I tried disconnecting the reed switch bell/whistle trigger, but this did not correct the problem.

Has anyone experienced this problem ? How did you resolve the problem ?


----------



## Dan Pierce (Jan 2, 2008)

Change the 9 volt battery under the coal load.
I assume this is the original sound unit.


----------



## GSDenshaw (Nov 16, 2014)

Original LGB sound board and new 9v battery.


----------



## Stan Cedarleaf (Jan 2, 2008)

Greetings and welcome to MLS....

I "assume" you are running track power...... What power supply or transformer are you using?????


----------



## GSDenshaw (Nov 16, 2014)

LGB 5006/5007 also LGB 50111/51070 and yes - track power.


----------



## Dan Pierce (Jan 2, 2008)

It still can be the connector for the battery or the circuit board.
The battery is needed for the sounds to be activate when the track power goes low or off and your problem sounds like the board does not see the battery.


----------



## GSDenshaw (Nov 16, 2014)

I can confirm that my meter indicates 9v across the battery terminals and 9v on the lower circuit board where the battery connector is soldered to the board.


----------



## Dan Pierce (Jan 2, 2008)

The board must have a problem with the battery circuit as your issues sound like a dead battery to me. 

Time for an upgrade to a better sound system.
I have done Phoenix in the past, great sounds, and now with my DCC system I install decoders with motor/light/sound/smoke control and some with uncoupling features.


----------



## Dennis Paulson (Jan 2, 2008)

I have no idea whats wrong with your sound .
Years ago the sound went out on my number 6 LGB C&S mogul , took it into Watts Trains and , it was the pc board gone bad , and he told me a new sound would be needed because the stock boards were kaput , and he showed me a trash can full of failed boards . [ Watts Trains serviced a LOT of LGB trains ] 
My Number 6 still has no sound . Good luck and I hope your board has not failed .


----------



## Stan Cedarleaf (Jan 2, 2008)

GSDenshaw said:


> LGB 5006/5007 also LGB 50111/51070 and yes - track power.


I think I would agree with Dennis, GS. You probably have a bad sound board.


----------



## GSDenshaw (Nov 16, 2014)

Thank you to Dan, Stan and Dennis for your input on this issue. I contacted Massoth concerning this issue and received the following in their reply:

" In most cases the electrolyt capacitors are damaged and should be replaced all ! "

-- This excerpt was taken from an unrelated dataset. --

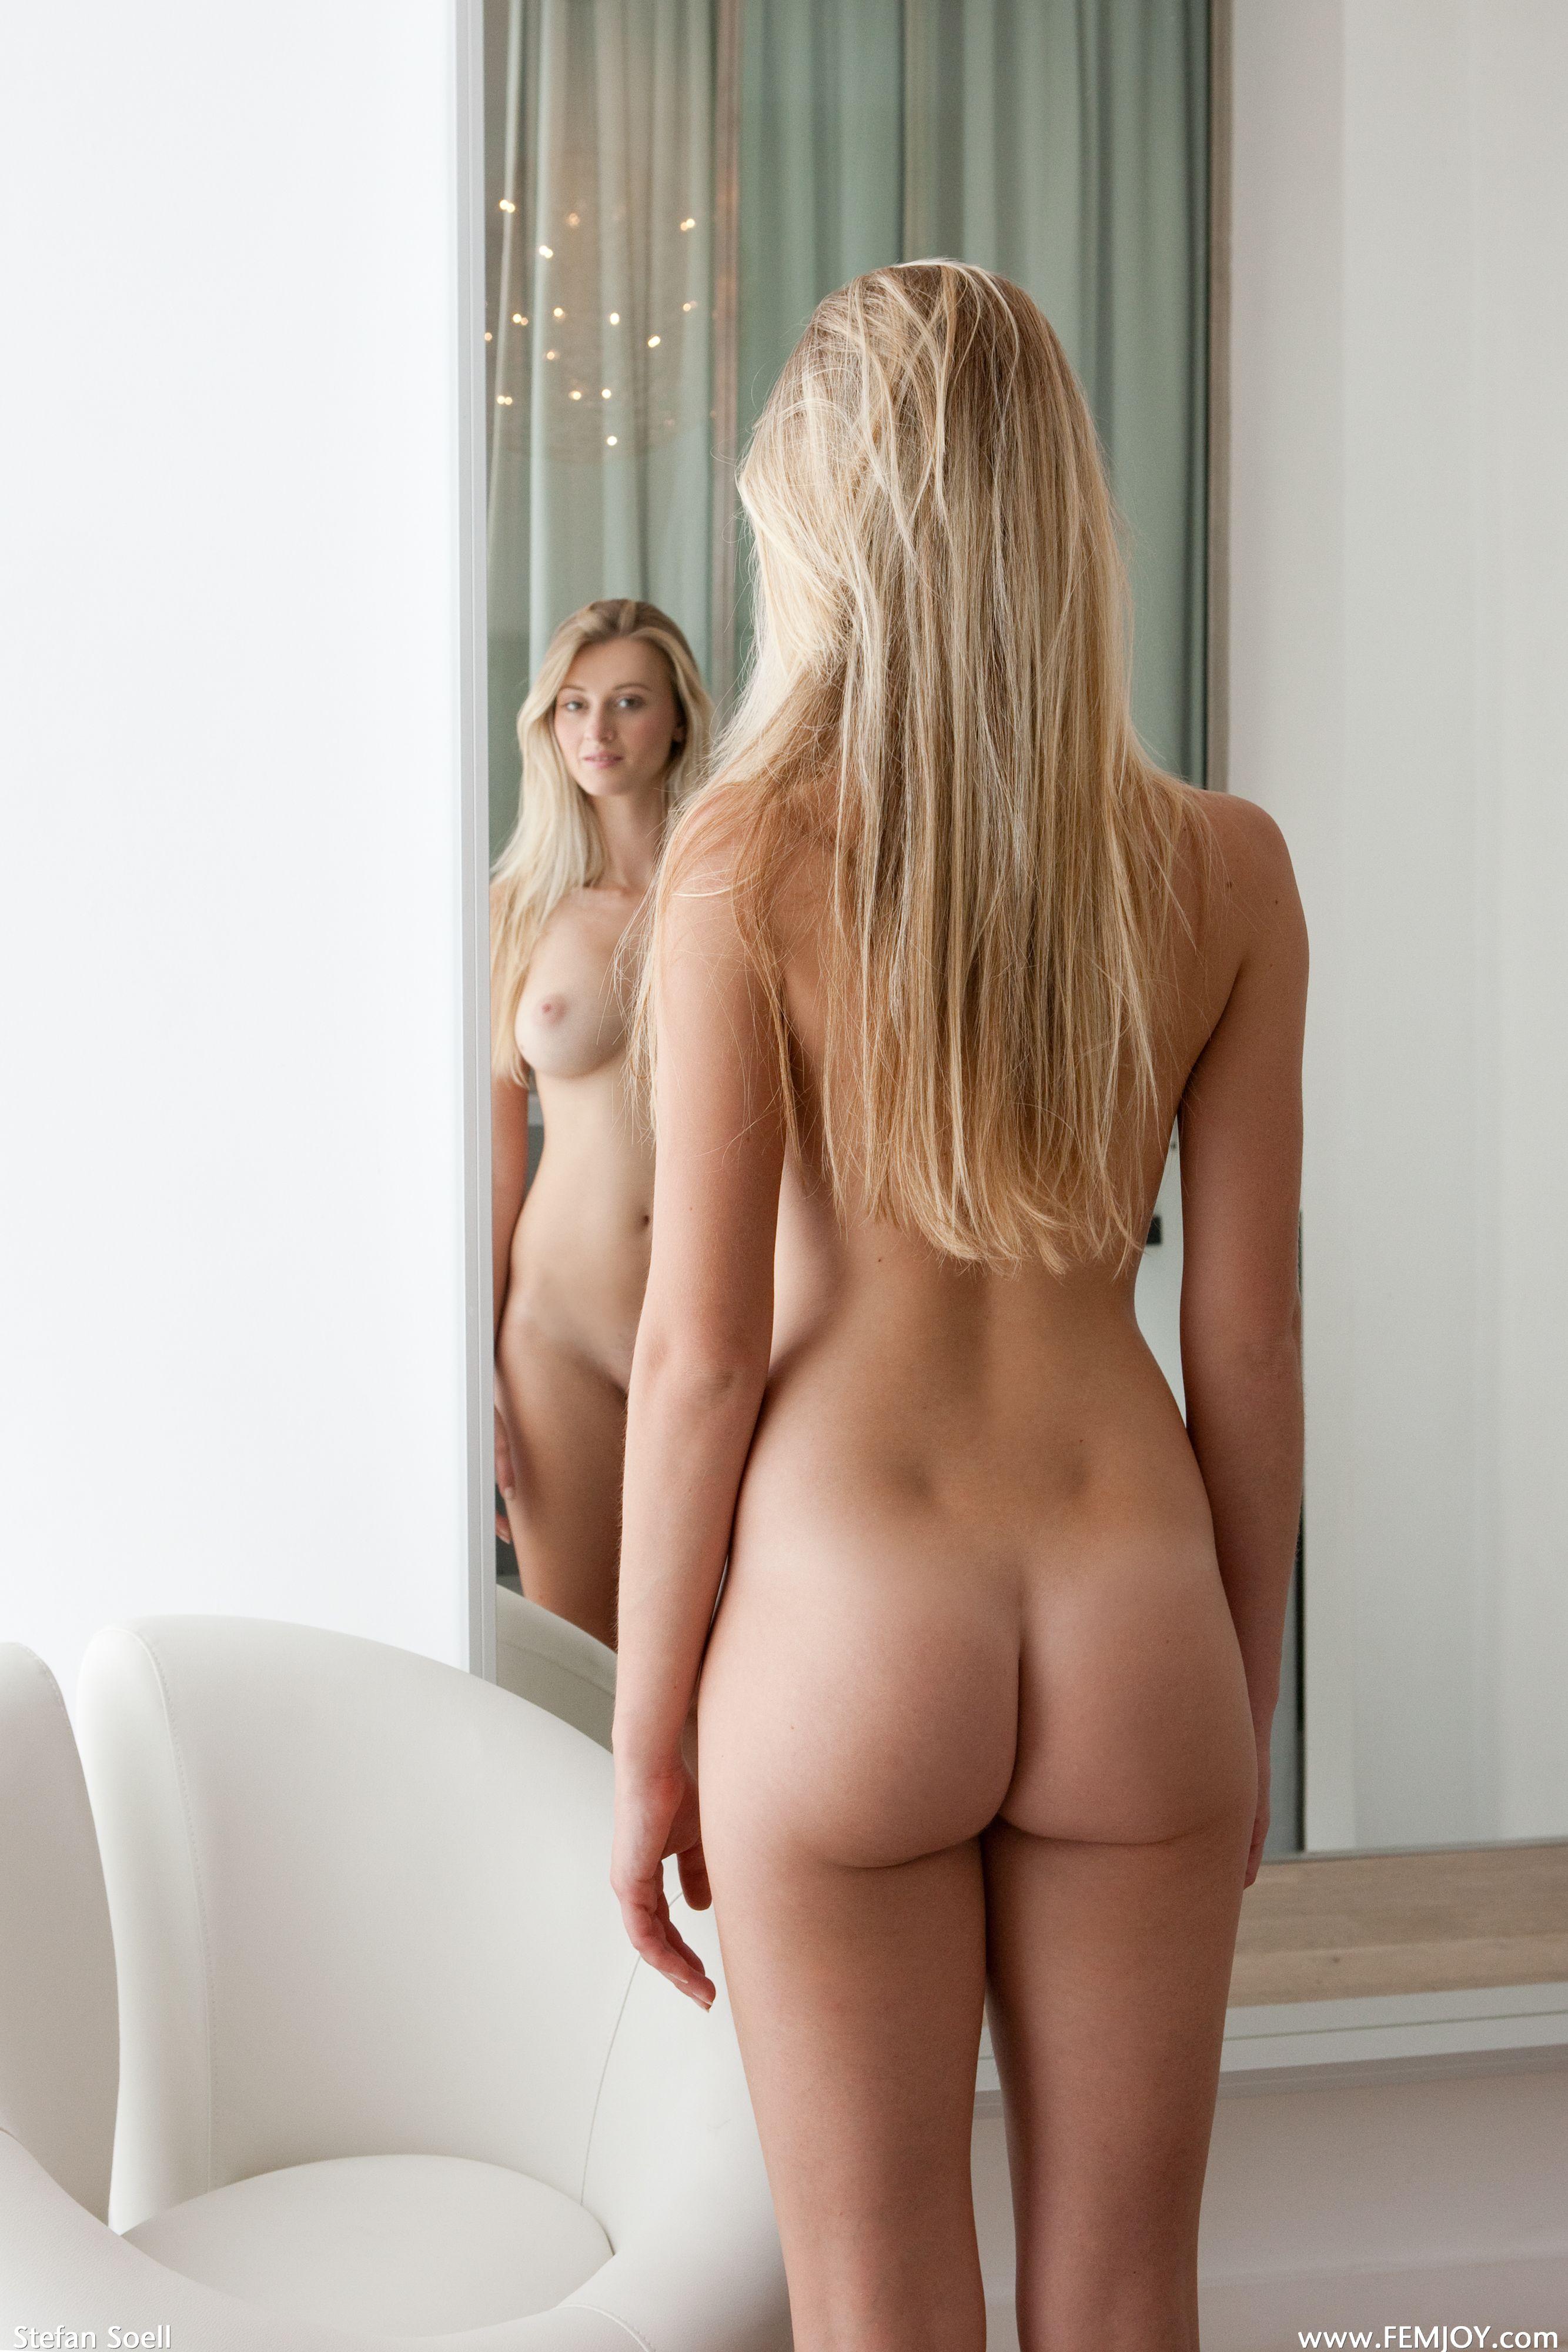 Carisha femjoy nude model good

I guess the next step is to determine the quantity and rating of all of the capacitors on the boards, and their price and availability. Massoth is not willing to release schematics for this system (I asked).

I know that Piko offers a decent analog sound system for around $80. Also am aware of the LGB sound module and accessories (approximately $300).

I know there are lots of options available. What systems have you used to replace the original sound boards ?

I do not plan on adding MTS decoders or converting to another DCC system. I would prefer something which can utilize the chuff sensor in the locomotive, but a system which can be adjusted to synch would also be acceptable. 

Recommendations would be appreciated.


----------



## East Broad Top (Dec 29, 2007)

On the low-priced end of the spectrum, there's MyLocoSound, which will run you around $80. This is an analog sound system, but was just upgraded with some new features, like a digital recording of a bell. I've got the older-generation MyLocoSound card in one of my steamers, and it's pretty good. Here's a YouTube video showing the upgraded board: 
*



*
(I wanted to just post the link, but the software gave me the actual video.) I can hear improvements in this file over mine, so I'd recommend it for a solid-quality, low price sound option. It's not a "high-end" digital system, but it's a great value for the price. 


Next up would be Dallee Electronics' sound boards. ($100 - $110) These are digital boards, with digital chuff, bell, and whistle. They sound great, but my only "complaint" is that they're not polyphonic. They can only play one sound at a time. When you blow the whistle or ring the bell, the chuff cuts out. If you're a sound purist like me, then this could get in the way of enjoying the fullness of sound. If you're looking for something to bring the locomotive to life as it's running around the railroad, you'll do well with it. The one thing I do like about this board is that it's got an option on the whistle where if you're using track magnets to trigger the whistle, it will play a different whistle pattern each time. This saves you from hearing the s-a-m-e e-x-a-c-t whistle every blippin' time. The whistle will be the same tone, but a different pattern (such as grade crossing one time, two shorts the next, etc.) So, high marks for that one. 

Beyond that, you're looking at Phoenix, which for analog DC (standard track power) compatibility will run you around $240. Phoenix is arguably the gold standard of analog DC compatible large scale sound system, but it's not exactly the cheap option. Most of my sound systems are Phoenix, but--again--I'm something of a sound purist. It's worth the extra money to my ears.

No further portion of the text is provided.